▶ [Your goal]:
All that should be output is the block of lines below from the line with "丁丁在美国：丁丁日记（1993年" to the line with "2.4GHz Dual Tone", both included, exactly as written.

(Saved entries)
·····

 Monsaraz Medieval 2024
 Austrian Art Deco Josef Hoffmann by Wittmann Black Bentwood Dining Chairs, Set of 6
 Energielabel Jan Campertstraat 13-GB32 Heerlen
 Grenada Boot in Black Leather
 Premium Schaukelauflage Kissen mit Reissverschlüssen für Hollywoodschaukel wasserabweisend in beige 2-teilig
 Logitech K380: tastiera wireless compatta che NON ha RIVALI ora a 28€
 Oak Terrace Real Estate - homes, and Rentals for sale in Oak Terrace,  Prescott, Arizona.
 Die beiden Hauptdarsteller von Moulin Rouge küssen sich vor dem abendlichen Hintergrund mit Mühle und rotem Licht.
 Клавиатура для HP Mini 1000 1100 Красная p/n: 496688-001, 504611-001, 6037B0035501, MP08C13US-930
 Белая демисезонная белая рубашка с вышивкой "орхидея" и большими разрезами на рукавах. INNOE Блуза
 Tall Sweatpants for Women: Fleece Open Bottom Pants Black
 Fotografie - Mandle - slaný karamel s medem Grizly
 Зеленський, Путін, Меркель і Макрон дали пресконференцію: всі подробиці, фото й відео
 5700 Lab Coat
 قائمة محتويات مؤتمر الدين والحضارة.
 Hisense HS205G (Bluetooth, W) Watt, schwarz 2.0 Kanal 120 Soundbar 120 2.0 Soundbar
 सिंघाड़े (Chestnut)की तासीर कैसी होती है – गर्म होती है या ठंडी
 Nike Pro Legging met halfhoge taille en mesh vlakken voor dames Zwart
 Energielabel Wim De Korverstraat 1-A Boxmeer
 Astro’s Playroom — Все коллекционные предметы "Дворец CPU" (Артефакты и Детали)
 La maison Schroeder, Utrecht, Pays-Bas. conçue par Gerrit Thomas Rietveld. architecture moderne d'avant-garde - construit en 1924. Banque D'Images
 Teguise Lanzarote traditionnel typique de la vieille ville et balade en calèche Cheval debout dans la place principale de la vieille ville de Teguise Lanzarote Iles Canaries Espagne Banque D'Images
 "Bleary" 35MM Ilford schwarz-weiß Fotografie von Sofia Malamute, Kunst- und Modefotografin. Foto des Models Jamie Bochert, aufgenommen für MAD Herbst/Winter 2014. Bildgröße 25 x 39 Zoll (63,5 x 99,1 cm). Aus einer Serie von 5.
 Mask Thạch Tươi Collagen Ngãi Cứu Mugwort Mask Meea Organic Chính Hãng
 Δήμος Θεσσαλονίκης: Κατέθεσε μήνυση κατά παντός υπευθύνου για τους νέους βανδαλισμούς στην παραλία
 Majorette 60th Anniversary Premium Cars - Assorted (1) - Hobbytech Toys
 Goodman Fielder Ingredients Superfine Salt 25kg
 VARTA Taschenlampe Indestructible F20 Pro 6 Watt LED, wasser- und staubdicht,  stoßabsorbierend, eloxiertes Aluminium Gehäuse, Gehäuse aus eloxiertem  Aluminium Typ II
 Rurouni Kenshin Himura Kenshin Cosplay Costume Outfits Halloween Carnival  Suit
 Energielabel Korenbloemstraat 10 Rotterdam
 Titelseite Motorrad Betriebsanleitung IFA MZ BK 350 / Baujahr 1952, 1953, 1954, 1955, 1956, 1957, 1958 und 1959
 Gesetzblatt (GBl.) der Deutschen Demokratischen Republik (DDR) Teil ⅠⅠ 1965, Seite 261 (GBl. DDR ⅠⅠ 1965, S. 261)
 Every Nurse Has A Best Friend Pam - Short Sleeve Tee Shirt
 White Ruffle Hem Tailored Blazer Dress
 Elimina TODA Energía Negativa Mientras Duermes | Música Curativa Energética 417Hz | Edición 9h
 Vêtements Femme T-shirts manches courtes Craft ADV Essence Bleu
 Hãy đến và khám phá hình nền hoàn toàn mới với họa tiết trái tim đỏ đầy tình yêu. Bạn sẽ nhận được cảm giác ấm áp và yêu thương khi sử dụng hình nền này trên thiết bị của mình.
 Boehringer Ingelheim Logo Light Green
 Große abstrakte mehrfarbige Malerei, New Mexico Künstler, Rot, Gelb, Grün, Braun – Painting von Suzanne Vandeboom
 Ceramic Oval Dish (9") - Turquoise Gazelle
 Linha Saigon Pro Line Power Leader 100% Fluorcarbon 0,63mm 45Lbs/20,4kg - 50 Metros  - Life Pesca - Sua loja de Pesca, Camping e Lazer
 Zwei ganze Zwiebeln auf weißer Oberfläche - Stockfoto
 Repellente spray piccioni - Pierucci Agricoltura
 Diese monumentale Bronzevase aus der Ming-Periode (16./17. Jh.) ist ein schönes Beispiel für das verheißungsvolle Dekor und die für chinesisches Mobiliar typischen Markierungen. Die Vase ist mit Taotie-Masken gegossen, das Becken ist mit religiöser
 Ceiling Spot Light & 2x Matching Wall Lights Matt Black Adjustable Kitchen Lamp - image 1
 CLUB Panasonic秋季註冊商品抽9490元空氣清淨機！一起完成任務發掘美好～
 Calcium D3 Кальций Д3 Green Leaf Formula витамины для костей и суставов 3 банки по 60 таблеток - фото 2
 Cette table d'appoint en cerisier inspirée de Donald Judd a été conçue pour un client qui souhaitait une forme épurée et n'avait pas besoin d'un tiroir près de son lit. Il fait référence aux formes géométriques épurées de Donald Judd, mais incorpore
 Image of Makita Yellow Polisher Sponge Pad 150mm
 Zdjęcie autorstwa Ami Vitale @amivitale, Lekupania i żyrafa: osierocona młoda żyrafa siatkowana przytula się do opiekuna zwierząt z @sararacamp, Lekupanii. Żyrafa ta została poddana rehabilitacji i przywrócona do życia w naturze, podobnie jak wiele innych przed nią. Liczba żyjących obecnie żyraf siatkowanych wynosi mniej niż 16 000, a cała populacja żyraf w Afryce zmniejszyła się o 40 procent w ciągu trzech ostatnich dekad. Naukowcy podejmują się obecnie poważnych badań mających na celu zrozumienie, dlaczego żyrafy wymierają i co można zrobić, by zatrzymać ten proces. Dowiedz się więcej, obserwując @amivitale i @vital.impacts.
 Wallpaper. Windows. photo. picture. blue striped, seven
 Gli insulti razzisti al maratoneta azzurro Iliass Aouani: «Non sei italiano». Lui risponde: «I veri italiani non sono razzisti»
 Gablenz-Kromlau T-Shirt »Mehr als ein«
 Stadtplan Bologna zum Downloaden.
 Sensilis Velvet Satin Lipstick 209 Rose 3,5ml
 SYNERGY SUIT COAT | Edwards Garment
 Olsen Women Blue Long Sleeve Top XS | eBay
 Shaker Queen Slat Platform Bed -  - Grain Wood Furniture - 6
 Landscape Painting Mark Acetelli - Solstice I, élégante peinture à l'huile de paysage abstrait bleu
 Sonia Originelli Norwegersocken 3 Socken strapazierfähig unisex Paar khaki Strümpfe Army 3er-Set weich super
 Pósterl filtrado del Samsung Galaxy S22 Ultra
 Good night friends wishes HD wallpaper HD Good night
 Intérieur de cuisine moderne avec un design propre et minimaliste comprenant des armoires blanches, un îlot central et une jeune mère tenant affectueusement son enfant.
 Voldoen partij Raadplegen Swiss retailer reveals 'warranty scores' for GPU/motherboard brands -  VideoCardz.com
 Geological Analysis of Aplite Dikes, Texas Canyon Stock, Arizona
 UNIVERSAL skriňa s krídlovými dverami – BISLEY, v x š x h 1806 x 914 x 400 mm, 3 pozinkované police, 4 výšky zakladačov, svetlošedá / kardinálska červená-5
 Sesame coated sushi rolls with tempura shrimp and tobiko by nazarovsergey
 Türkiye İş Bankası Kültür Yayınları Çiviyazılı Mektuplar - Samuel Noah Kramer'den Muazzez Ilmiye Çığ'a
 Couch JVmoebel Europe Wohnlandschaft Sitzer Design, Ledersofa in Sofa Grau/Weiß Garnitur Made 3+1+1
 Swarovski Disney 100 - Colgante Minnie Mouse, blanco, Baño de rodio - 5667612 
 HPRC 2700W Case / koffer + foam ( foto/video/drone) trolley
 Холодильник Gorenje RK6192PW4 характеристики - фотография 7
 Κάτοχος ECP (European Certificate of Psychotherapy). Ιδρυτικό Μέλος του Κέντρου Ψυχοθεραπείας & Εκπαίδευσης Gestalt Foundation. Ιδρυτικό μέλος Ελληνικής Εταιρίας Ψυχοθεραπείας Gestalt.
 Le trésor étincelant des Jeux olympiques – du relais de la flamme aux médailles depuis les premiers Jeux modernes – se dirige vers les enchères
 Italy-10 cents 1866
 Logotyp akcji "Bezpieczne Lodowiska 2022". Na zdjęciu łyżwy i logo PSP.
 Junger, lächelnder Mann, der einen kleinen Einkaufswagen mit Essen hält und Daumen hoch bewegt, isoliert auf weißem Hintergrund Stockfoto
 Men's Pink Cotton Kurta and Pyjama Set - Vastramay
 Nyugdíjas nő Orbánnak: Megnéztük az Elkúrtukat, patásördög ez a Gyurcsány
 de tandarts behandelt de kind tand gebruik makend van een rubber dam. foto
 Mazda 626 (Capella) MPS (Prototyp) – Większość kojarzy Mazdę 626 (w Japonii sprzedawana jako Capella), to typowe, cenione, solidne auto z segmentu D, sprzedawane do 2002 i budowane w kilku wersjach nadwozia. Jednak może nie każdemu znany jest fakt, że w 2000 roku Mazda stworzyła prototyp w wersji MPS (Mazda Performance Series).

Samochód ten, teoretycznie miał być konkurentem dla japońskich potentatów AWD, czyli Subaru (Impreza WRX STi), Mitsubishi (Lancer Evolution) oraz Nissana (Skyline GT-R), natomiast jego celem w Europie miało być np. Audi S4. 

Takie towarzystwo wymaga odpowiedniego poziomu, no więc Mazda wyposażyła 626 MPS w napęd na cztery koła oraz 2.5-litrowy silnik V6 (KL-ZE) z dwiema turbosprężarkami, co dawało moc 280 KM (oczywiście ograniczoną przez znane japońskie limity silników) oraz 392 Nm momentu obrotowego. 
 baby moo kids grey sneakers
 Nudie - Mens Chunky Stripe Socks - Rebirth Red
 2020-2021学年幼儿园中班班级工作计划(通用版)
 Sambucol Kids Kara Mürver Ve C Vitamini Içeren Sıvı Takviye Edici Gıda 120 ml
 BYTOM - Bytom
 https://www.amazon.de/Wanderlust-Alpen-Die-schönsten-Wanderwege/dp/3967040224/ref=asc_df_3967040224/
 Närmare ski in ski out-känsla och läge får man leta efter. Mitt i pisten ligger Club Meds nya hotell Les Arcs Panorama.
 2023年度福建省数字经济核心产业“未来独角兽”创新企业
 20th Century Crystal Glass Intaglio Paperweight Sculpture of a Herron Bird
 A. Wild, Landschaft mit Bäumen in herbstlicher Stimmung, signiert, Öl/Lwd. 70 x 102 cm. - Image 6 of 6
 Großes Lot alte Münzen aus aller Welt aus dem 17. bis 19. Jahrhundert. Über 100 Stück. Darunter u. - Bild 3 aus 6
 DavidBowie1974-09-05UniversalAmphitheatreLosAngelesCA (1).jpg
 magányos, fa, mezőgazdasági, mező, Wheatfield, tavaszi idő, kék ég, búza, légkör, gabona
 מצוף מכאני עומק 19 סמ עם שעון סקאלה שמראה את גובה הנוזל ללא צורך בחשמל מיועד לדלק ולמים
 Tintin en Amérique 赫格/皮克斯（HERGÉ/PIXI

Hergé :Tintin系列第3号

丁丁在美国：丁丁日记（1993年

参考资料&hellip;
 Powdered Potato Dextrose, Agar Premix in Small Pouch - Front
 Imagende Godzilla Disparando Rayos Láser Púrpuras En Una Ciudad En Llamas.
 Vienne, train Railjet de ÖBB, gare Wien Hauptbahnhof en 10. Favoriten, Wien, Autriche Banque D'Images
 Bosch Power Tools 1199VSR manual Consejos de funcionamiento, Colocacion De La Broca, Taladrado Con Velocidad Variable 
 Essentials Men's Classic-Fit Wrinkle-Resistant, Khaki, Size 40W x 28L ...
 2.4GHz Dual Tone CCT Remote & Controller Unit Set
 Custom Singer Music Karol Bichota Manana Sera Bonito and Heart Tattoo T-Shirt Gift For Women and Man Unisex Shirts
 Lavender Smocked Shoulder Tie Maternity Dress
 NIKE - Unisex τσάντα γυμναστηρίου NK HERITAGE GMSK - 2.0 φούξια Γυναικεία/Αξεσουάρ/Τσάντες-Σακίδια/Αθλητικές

·····

▶ [Task output]:
丁丁在美国：丁丁日记（1993年

参考资料&hellip;
 Powdered Potato Dextrose, Agar Premix in Small Pouch - Front
 Imagende Godzilla Disparando Rayos Láser Púrpuras En Una Ciudad En Llamas.
 Vienne, train Railjet de ÖBB, gare Wien Hauptbahnhof en 10. Favoriten, Wien, Autriche Banque D'Images
 Bosch Power Tools 1199VSR manual Consejos de funcionamiento, Colocacion De La Broca, Taladrado Con Velocidad Variable 
 Essentials Men's Classic-Fit Wrinkle-Resistant, Khaki, Size 40W x 28L ...
 2.4GHz Dual Tone CCT Remote & Controller Unit Set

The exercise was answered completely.